Problem statement: The copy has to match the data exactly and leave out every picture.

[Input data — start]

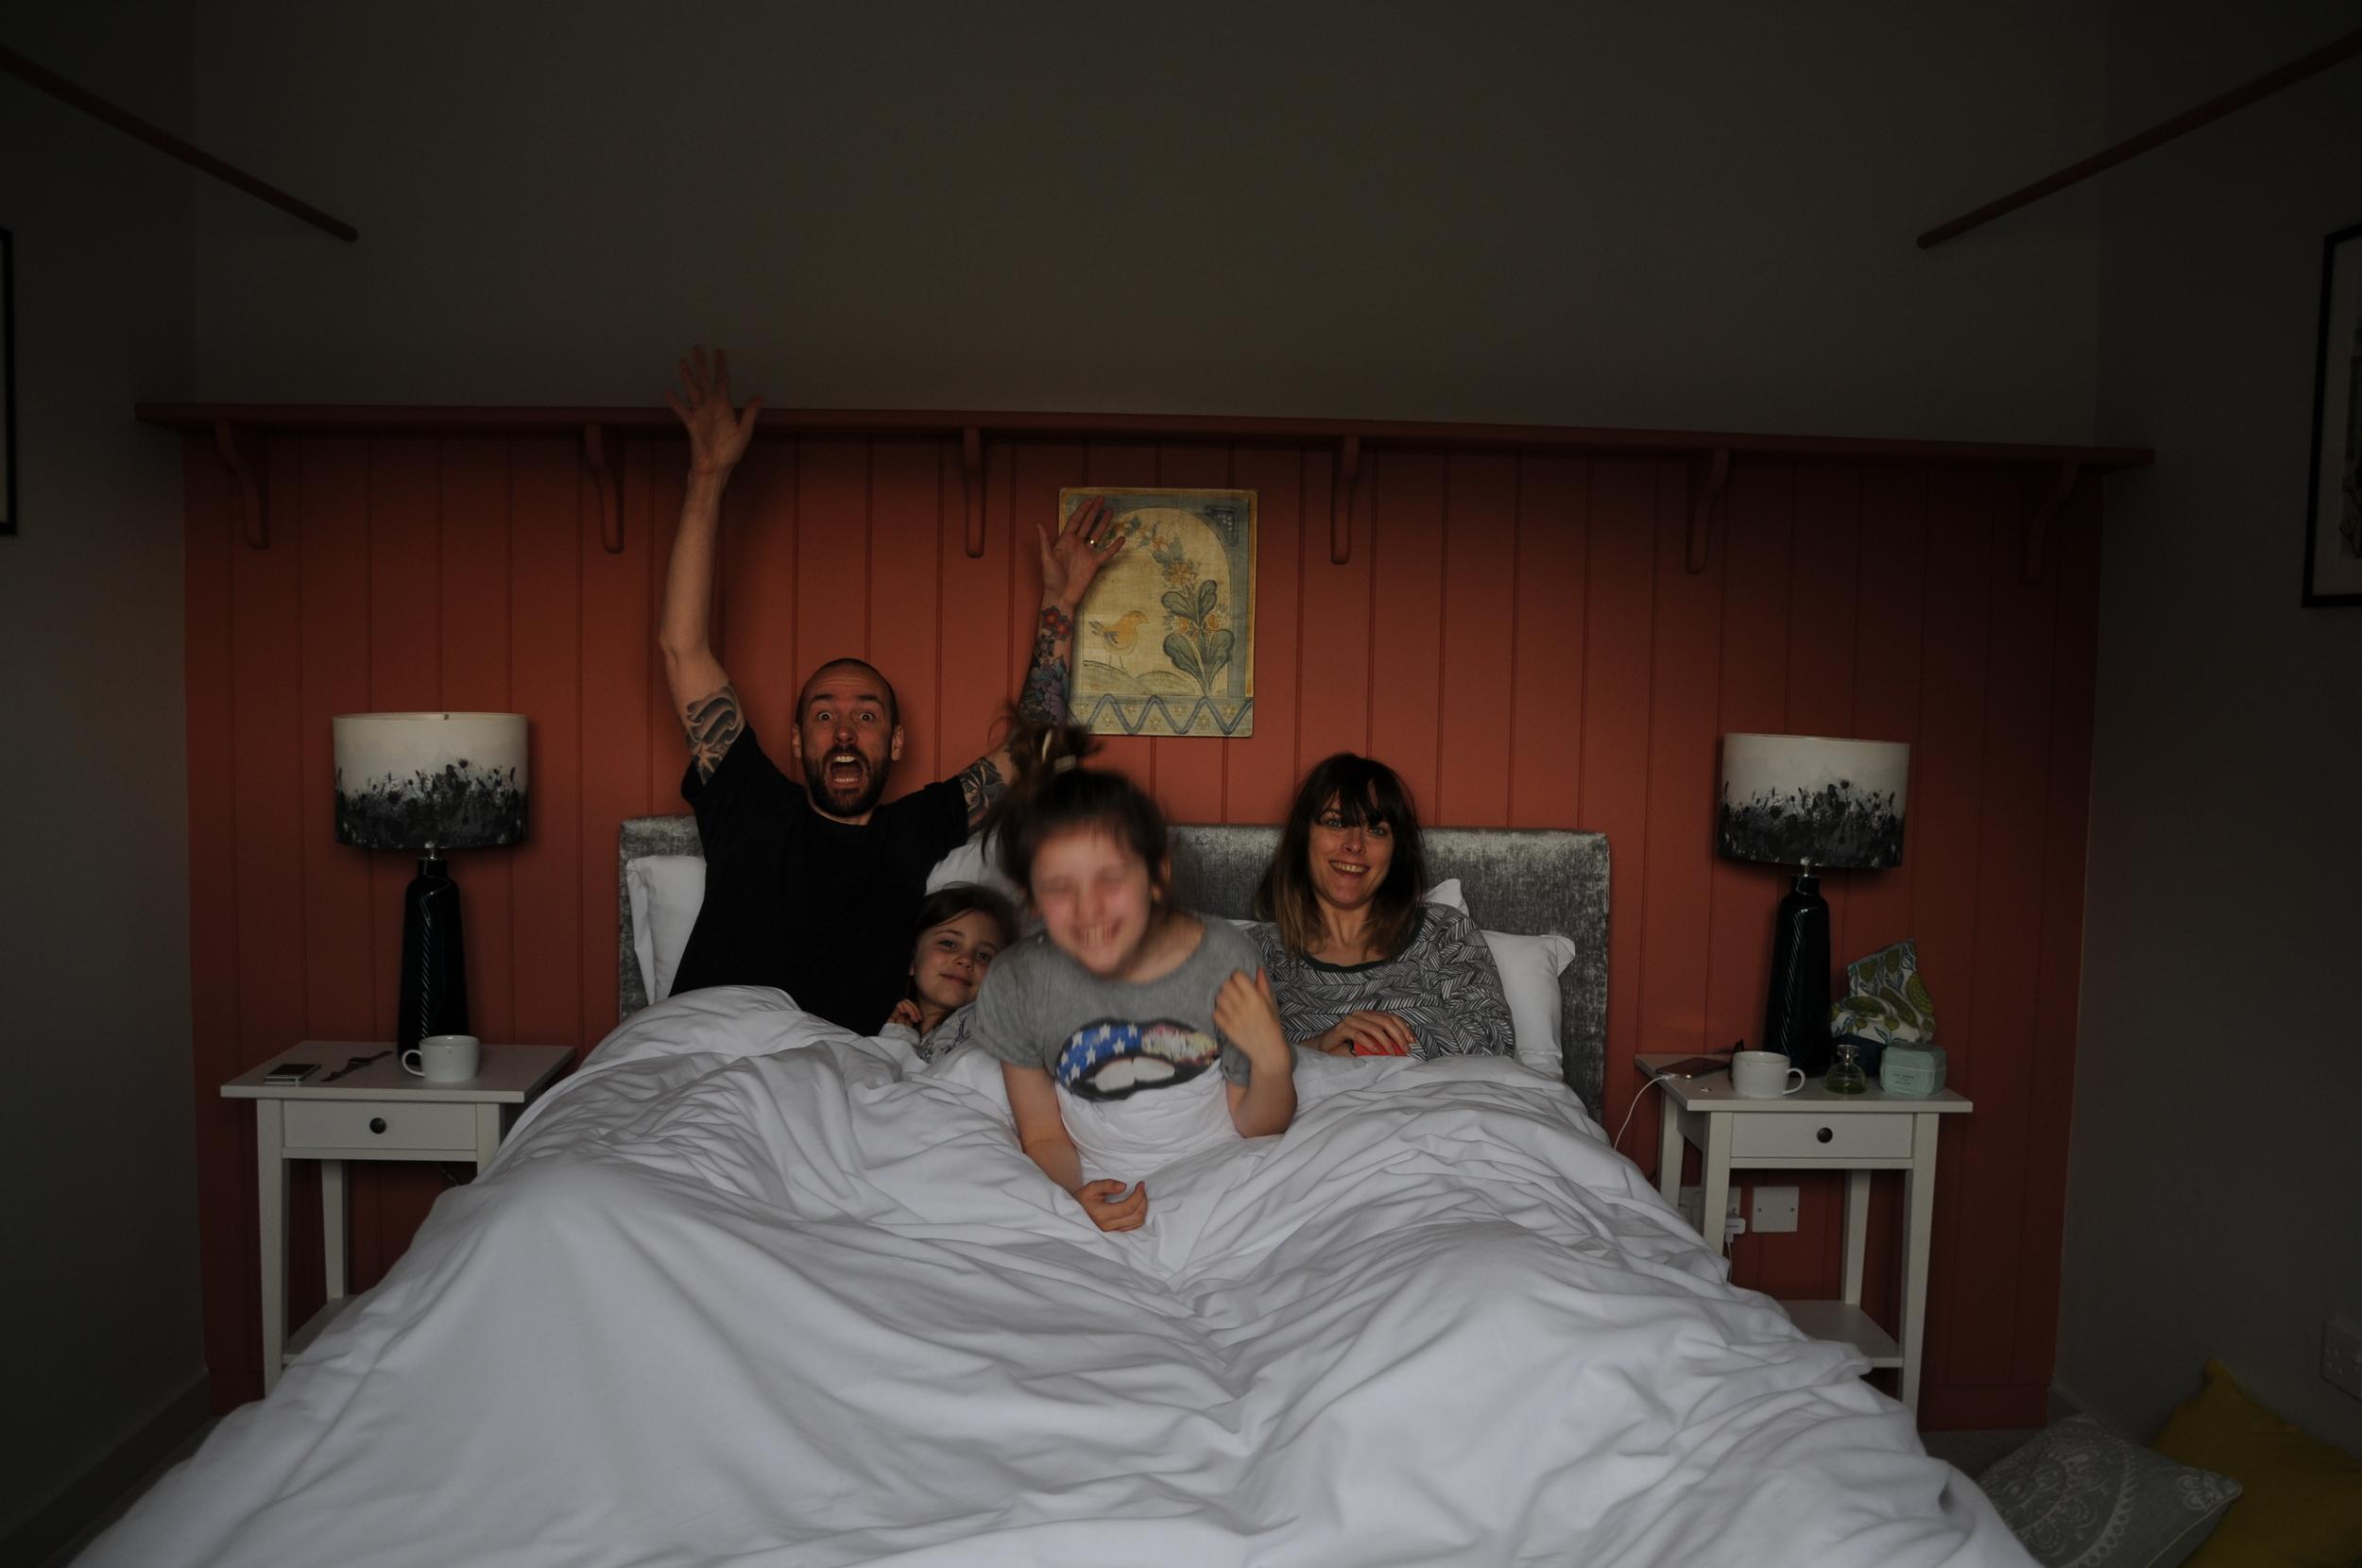 Having fun with the family at The Loose Box, Barsham Barns, Norfolk.
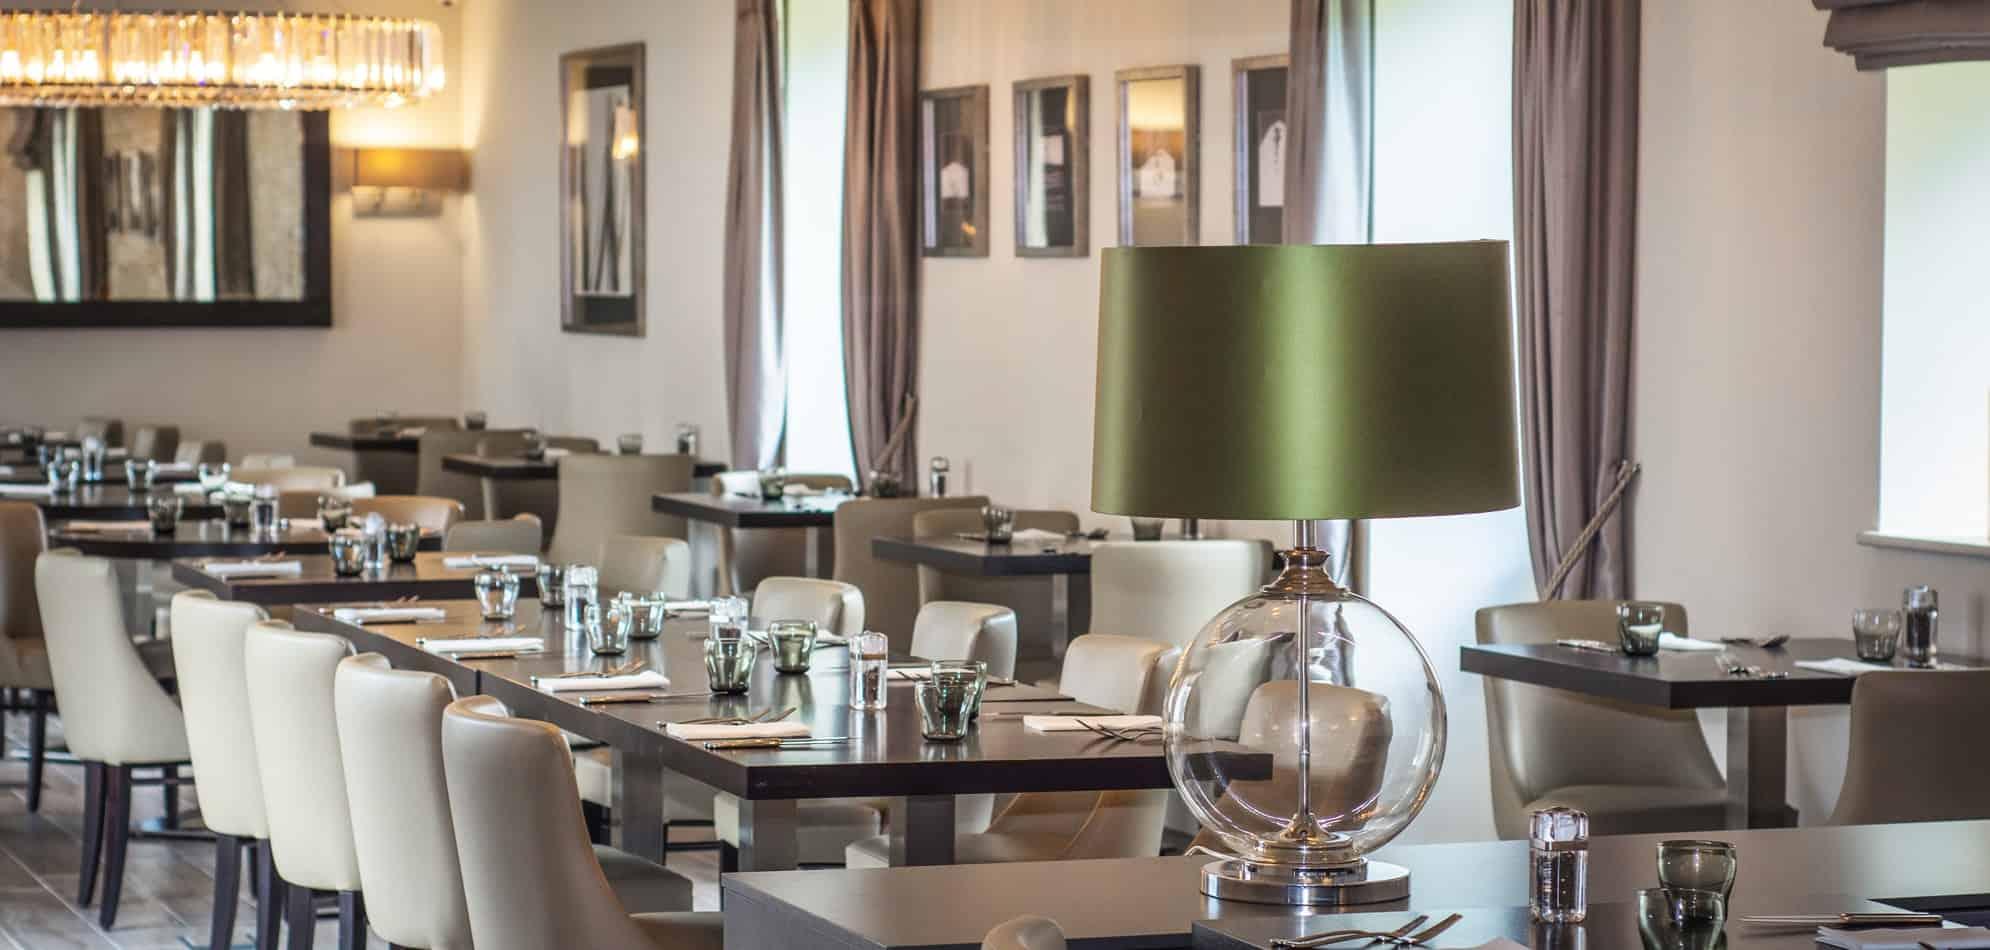 Monadh Dining Restaurant at Dunalastair Hotel3
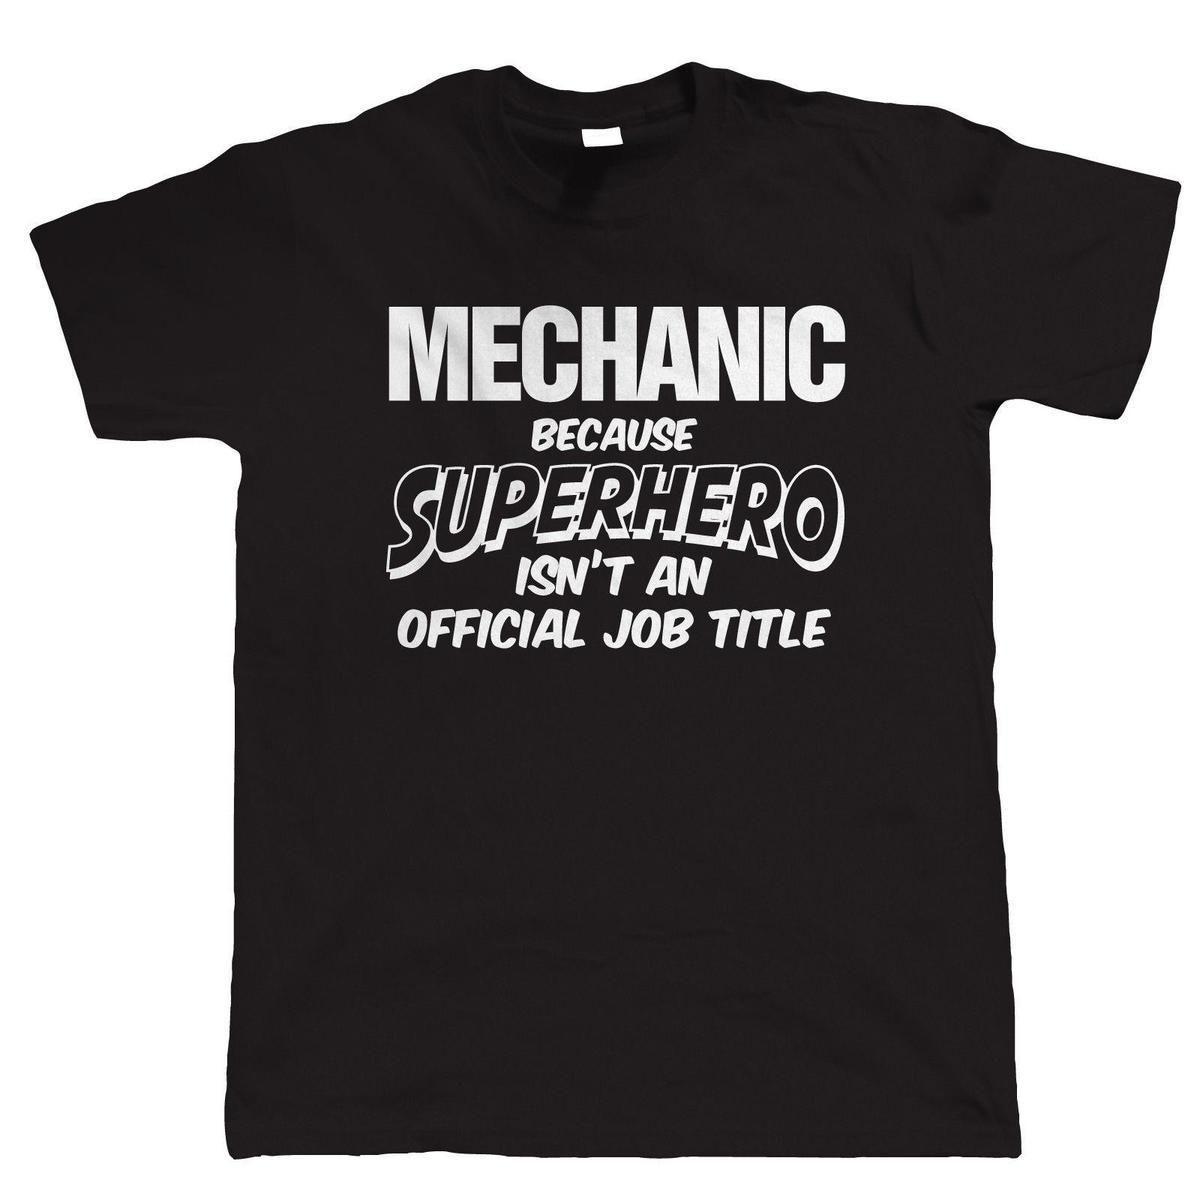 Mechanic Superhero Mens Funny T Shirt Gift For Dad Him Birthday Shirts Tshirt From Jie67 1467

[Input data — finish]

Exercise response:
 Having fun with the family at The Loose Box, Barsham Barns, Norfolk.
 Monadh Dining Restaurant at Dunalastair Hotel3
 Mechanic Superhero Mens Funny T Shirt Gift For Dad Him Birthday Shirts Tshirt From Jie67 1467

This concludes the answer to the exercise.